━━━━━ Information supplied ━━━━━
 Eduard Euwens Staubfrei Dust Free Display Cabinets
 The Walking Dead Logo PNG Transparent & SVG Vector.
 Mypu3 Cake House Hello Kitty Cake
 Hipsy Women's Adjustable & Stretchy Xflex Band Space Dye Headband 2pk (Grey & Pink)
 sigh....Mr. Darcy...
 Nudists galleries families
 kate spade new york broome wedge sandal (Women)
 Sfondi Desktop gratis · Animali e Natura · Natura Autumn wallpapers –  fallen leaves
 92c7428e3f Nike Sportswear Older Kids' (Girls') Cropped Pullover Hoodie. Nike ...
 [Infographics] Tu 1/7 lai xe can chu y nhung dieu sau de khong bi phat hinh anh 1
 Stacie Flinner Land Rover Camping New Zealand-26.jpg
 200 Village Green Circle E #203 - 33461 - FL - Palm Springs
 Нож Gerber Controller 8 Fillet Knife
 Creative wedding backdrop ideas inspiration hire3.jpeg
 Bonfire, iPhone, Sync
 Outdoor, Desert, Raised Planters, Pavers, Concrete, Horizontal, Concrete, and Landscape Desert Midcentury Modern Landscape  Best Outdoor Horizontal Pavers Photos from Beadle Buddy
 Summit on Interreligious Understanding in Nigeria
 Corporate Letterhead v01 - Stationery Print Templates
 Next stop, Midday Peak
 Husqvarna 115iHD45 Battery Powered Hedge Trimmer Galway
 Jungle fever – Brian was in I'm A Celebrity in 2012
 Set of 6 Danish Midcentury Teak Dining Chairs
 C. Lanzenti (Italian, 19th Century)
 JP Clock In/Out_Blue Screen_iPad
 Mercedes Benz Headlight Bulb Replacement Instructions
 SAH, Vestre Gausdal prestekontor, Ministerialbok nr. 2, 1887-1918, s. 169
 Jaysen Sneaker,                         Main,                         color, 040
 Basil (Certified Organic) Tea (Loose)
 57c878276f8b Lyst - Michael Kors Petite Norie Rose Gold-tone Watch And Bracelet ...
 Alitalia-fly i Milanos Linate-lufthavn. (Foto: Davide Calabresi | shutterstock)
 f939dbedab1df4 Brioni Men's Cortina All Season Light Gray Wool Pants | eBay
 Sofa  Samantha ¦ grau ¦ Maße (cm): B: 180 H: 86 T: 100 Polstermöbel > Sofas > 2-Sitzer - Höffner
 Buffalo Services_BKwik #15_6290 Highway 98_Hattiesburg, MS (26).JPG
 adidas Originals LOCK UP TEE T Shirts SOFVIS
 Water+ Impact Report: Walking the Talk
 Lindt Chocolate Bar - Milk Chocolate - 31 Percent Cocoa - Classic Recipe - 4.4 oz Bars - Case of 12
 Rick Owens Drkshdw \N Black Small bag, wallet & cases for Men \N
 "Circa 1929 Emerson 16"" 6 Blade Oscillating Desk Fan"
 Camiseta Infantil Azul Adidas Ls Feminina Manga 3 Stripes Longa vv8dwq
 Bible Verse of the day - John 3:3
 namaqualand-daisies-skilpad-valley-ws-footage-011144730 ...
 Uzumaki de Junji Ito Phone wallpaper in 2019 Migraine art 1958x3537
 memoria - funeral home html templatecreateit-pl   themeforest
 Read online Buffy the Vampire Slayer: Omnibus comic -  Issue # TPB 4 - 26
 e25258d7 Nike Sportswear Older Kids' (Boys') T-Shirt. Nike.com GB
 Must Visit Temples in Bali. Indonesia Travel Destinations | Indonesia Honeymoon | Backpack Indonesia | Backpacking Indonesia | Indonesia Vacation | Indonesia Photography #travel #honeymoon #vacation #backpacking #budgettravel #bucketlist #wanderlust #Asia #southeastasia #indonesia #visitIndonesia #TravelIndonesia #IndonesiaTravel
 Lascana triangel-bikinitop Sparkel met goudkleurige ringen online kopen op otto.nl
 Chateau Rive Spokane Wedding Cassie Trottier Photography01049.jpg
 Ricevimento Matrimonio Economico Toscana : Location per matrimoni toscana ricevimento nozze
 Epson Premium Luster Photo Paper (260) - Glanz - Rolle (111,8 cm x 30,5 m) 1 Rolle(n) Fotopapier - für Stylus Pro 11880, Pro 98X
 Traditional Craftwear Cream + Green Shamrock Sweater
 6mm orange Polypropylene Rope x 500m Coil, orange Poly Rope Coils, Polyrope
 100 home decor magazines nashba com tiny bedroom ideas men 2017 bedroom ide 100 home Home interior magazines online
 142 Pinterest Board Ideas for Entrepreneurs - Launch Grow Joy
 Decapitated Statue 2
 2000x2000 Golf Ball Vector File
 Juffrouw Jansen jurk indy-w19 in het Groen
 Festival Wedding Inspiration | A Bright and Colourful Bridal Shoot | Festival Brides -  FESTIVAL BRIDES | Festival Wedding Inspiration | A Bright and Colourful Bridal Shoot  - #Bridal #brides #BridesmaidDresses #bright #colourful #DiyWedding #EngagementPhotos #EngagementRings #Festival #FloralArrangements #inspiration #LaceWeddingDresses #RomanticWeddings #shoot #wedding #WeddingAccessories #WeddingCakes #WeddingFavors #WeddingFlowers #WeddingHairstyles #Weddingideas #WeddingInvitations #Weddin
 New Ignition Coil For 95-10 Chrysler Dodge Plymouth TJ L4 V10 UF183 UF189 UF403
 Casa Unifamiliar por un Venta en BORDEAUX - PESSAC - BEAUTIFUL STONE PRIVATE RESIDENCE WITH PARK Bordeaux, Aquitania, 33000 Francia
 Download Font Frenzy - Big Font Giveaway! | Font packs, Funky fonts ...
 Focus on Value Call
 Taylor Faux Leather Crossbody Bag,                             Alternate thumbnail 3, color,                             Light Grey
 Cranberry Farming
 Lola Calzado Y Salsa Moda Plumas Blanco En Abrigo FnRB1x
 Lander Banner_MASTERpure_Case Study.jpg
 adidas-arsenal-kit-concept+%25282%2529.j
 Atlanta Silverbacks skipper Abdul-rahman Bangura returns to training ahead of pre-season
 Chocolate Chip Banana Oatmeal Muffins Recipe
━━━━━
### Problem statement
The number of lines in the entries holding the word "Green" is what is needed. Supply that number only.

### Finished exercise
2